The economic cost of the outbreak has been severe for South African farmers. Many face huge extra expenses just to contain the disease. One dairy farmer in KwaZulu-Natal, for example, spent an additional R1 million in a single season on biosecurity, veterinary products, and other measures, using up three years’ worth of supplies in one month. Milk production often drops sharply — one farm saw daily output fall from 26,000 litres to 23,000 litres. In beef farming, losses include large numbers of dead calves; one Free State farmer lost over 2,250 calves worth about R2.8 million due to secondary infections. Some dairy operations have reported total losses of R6 million to R8 million per farm.
On a bigger scale, the Bureau for Food and Agricultural Policy (BFAP) estimates that dairy sector losses have already reached around R1 billion, affecting more than 210,000 cattle across over 90 farms. For the beef sector, losses in gross production value could range from R3.2 billion (medium scenario) to R11.3 billion (high scenario) between 2025 and 2030, driven by lower production, fewer weaners, calf deaths, and movement restrictions. Beef exports fell 26% in 2025, with cumulative export revenue losses from FMD waves (2019–2025) already exceeding R821 million — a figure that could rise to R2.6 billion by the end of 2026.
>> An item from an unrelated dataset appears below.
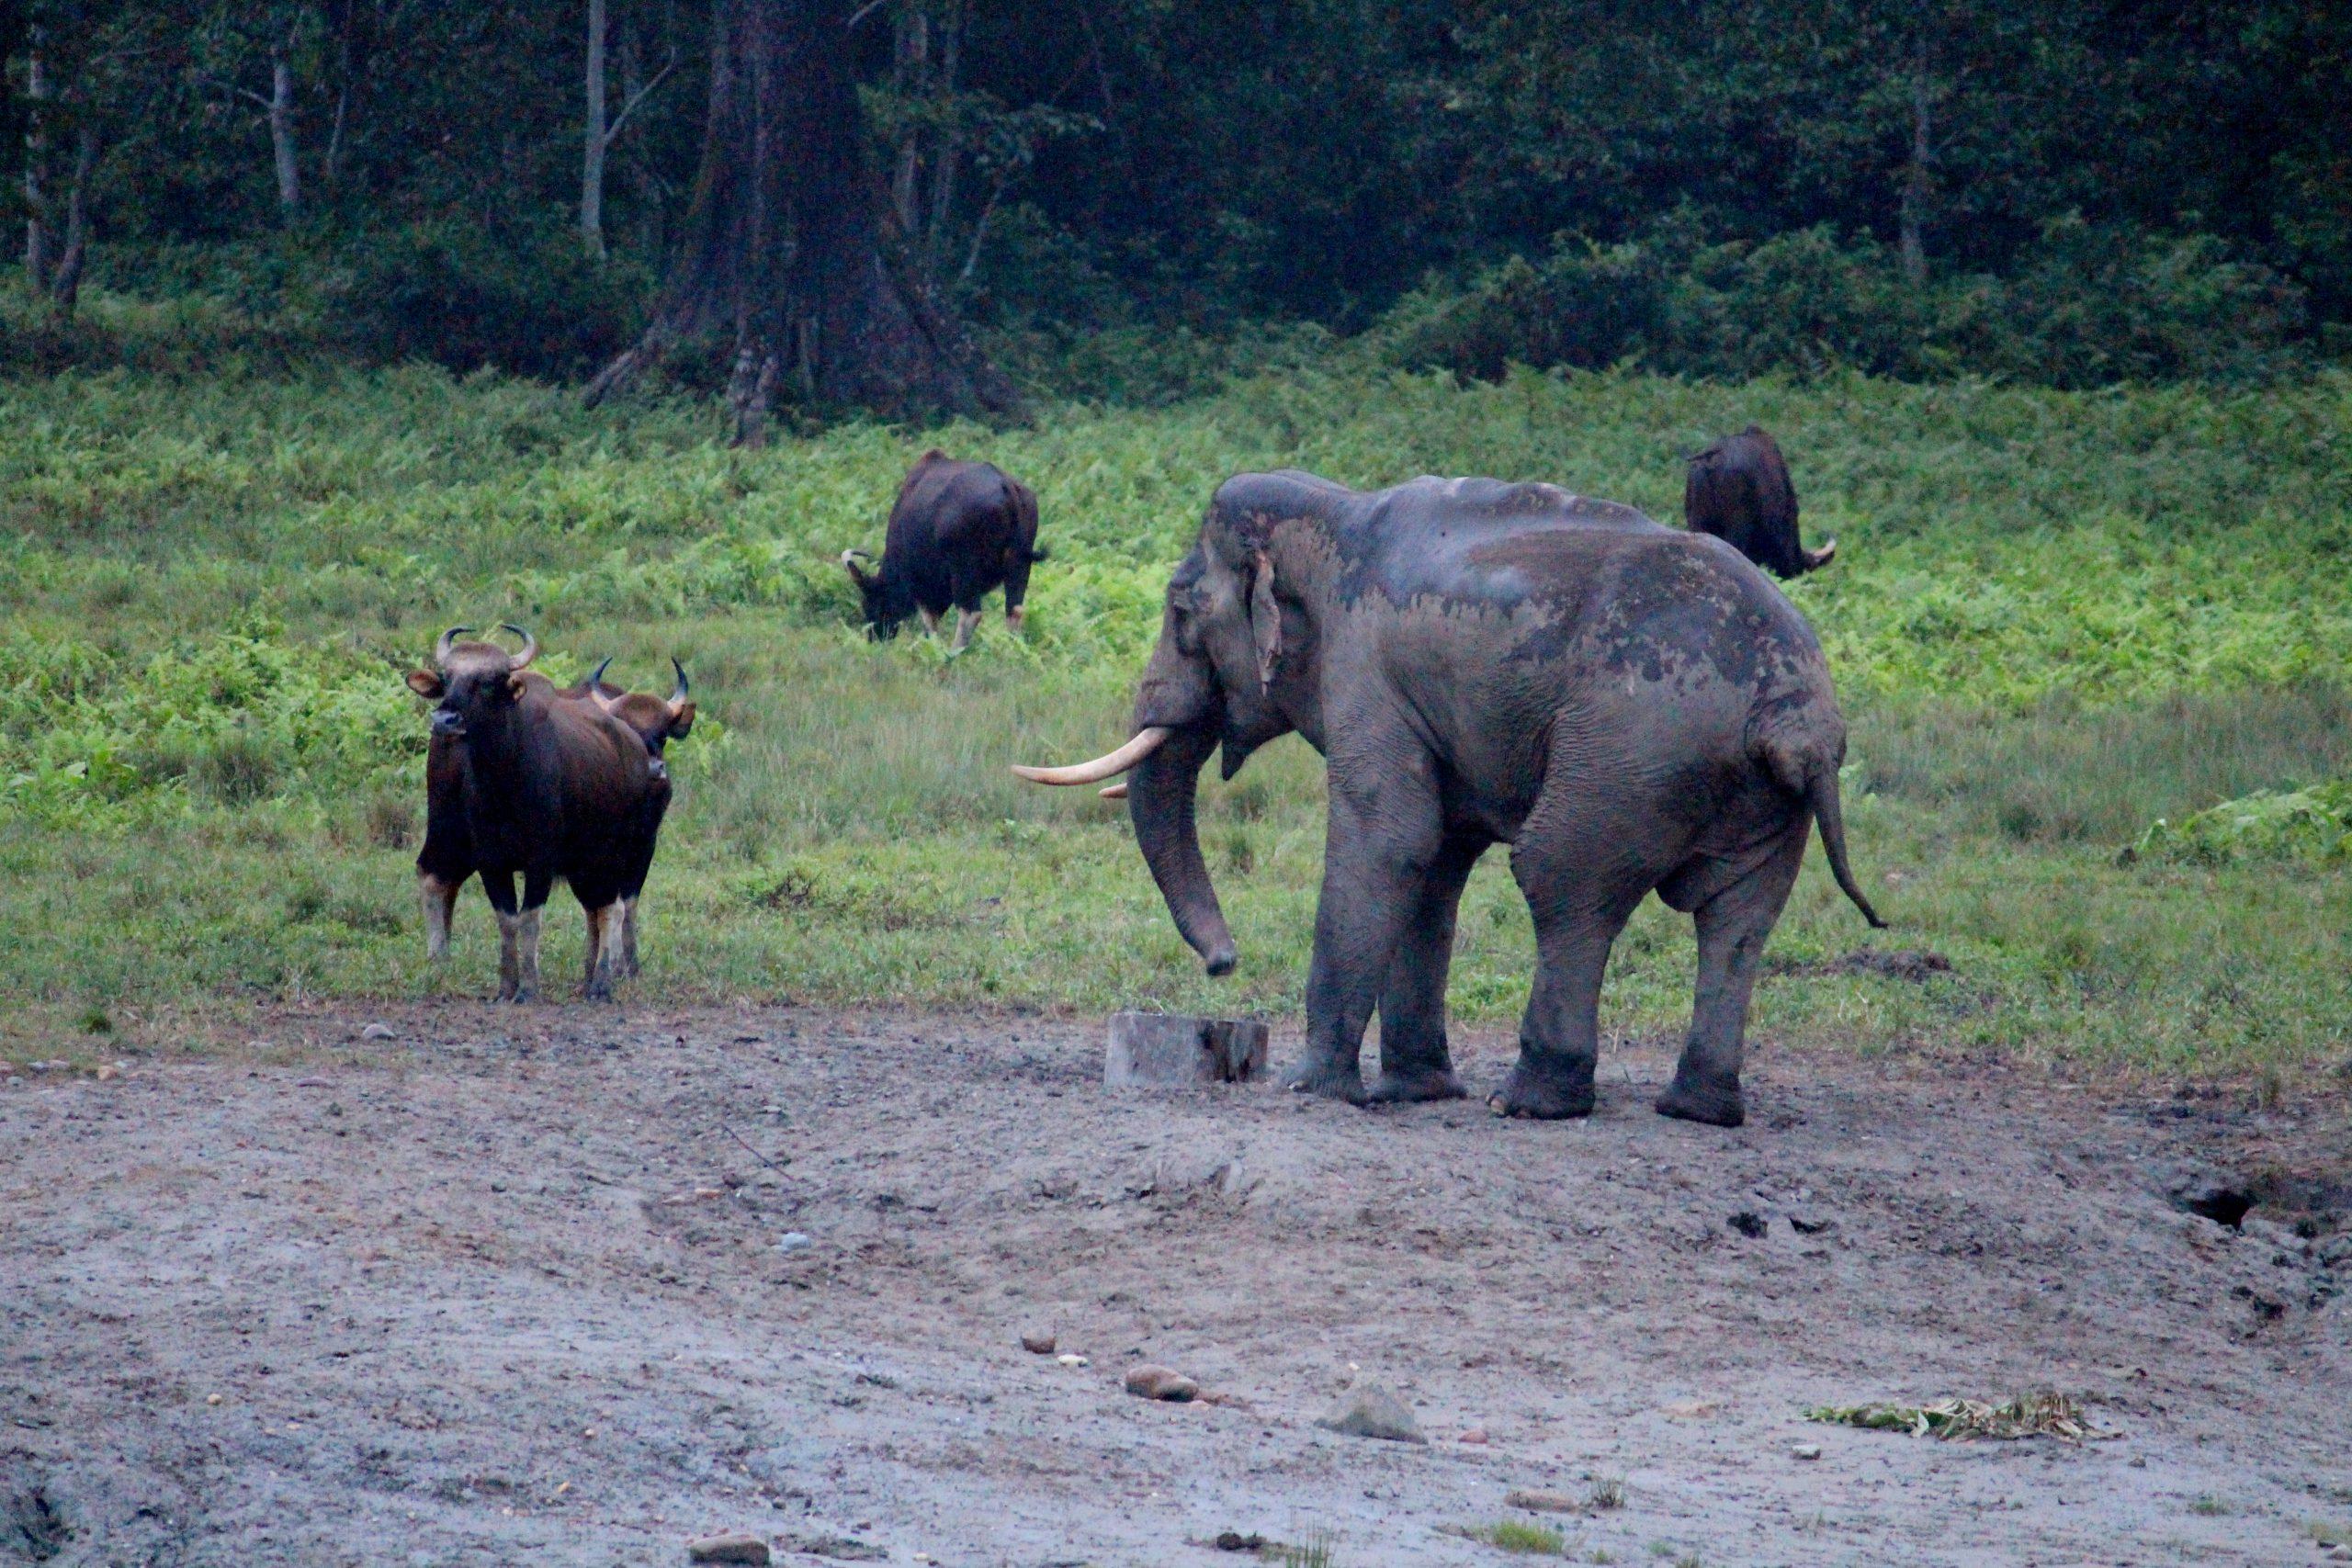 Spotting One-Horned Rhinos in Jaldapara Wildlife Sanctuary elephants

If the outbreak continues without strong control, total losses to beef and dairy over the next decade could reach as much as R25.6 billion. The government covers the cost of vaccines in priority areas, but farmers still pay for veterinary fees, extra biosecurity, labour, and other on-farm measures. Private vaccination can cost between R45 and R80 per animal.Movement bans and quarantines have collapsed local markets for many farmers, making it difficult to sell animals or products. The disease has also damaged South Africa’s reputation as a reliable livestock exporter, affecting long-term trade opportunities.
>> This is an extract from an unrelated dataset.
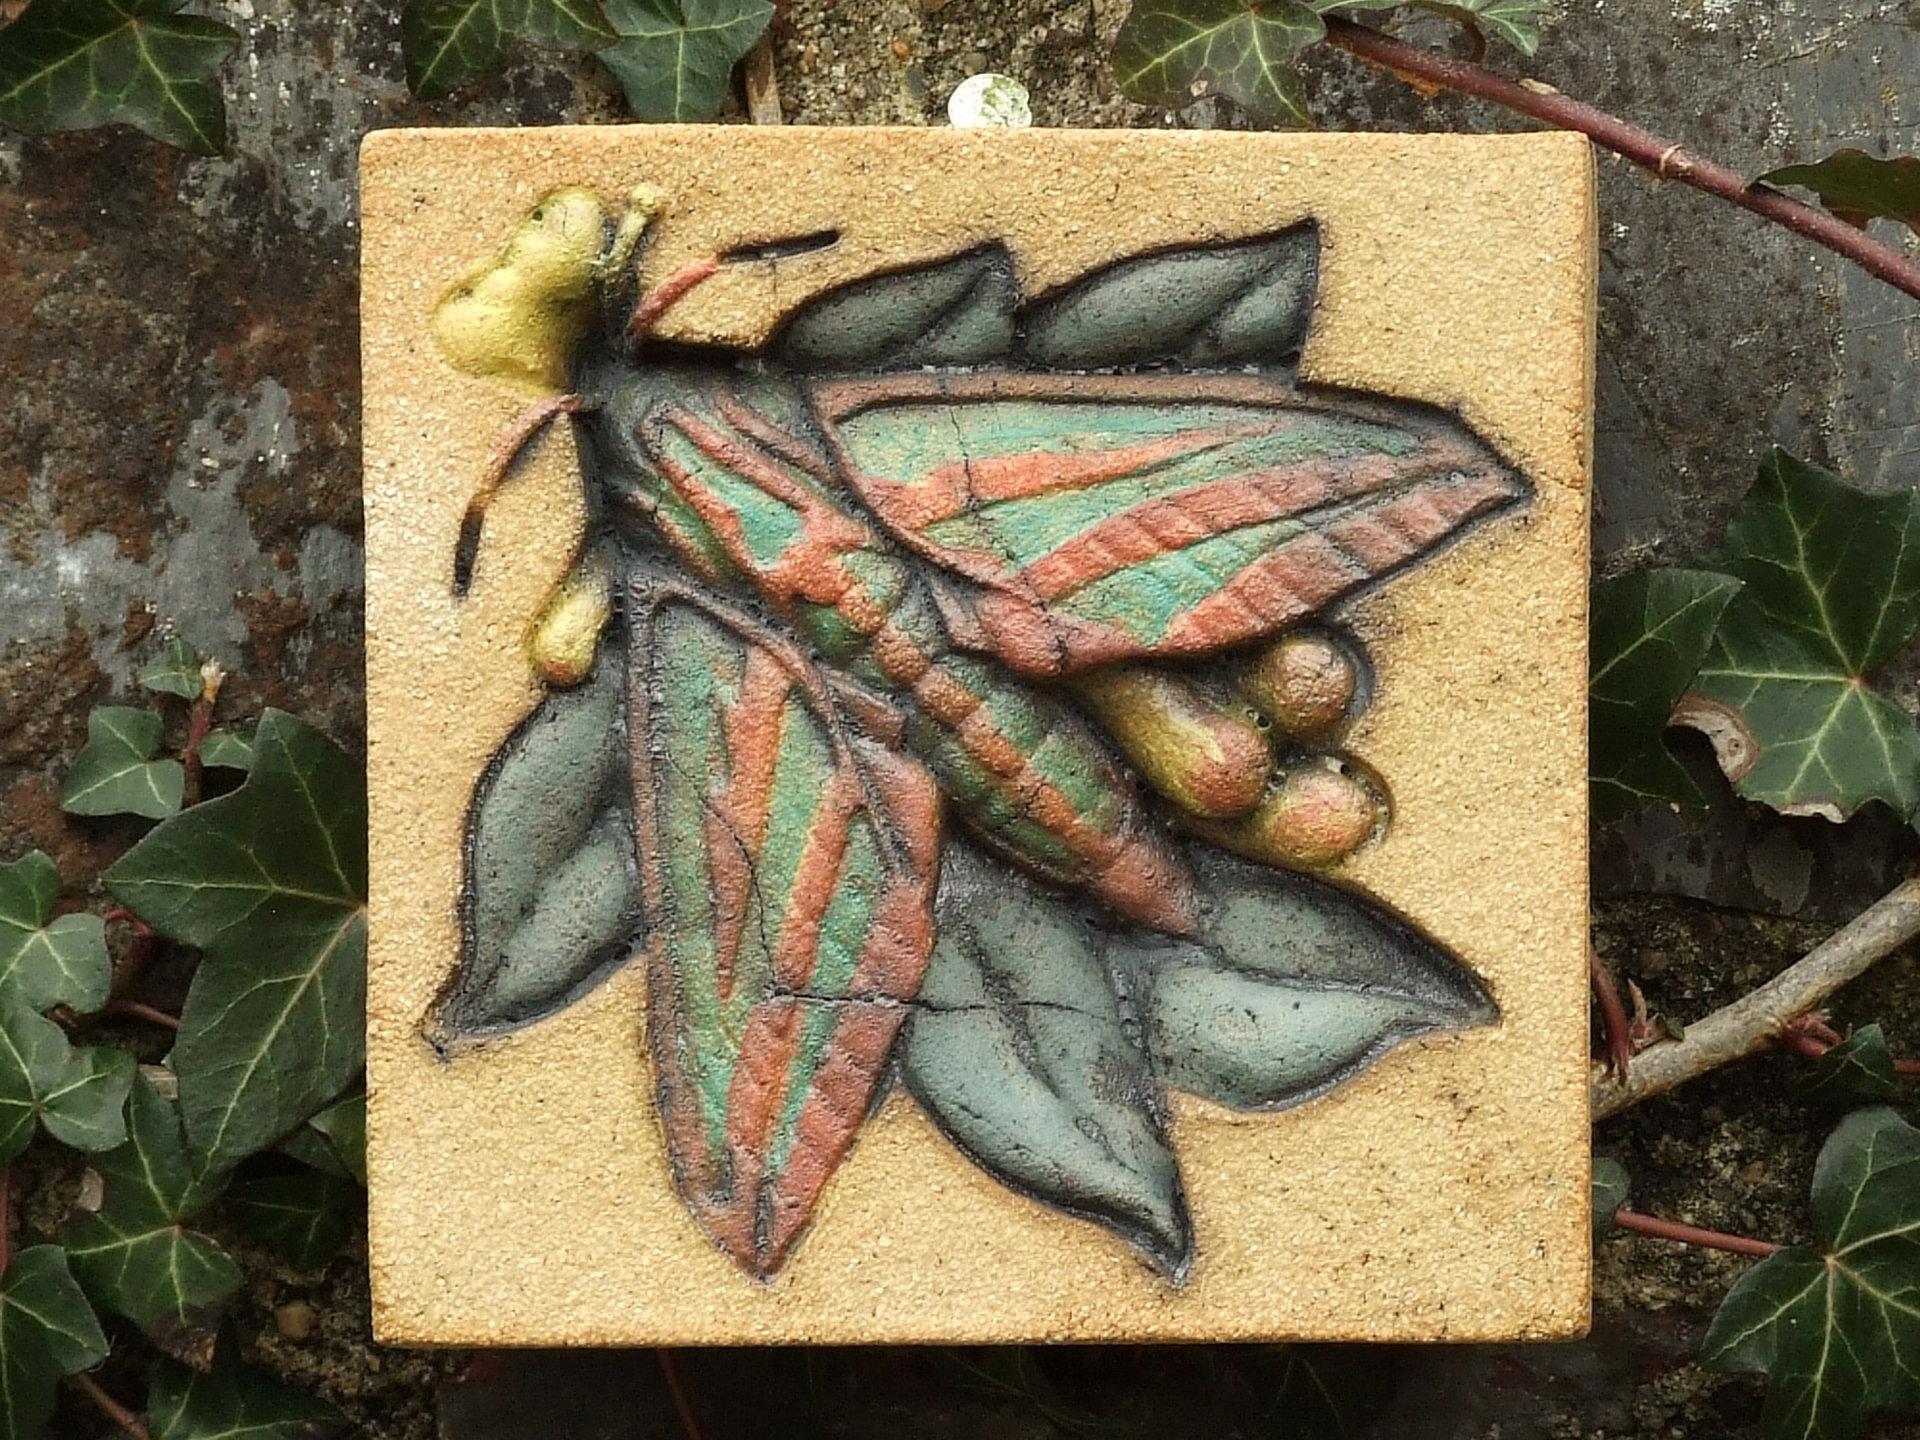 elephant hawk moth, wild honeysuckle, Ama Menec sculpture

While consumers have not yet faced massive price increases on meat and milk, farmers are carrying most of the burden through lower income, reduced production, and higher costs. Many describe the financial pressure as unsustainable, especially for smaller operations.The situation remains serious in April 2026, with ongoing challenges on both sides of the South Africa-Botswana border, where a recent FMD outbreak at Botswana’s elite Ramatlabama breeding centre (valued at hundreds of millions of rands) is only about 5 km from South African cases and has led to export bans and strict controls in Botswana.
Our team is travelling around the country on a monthly basis. We see and hear things first-hand at ground level, and in many cases the situation is not as good as  some of the media is reporting from their offices.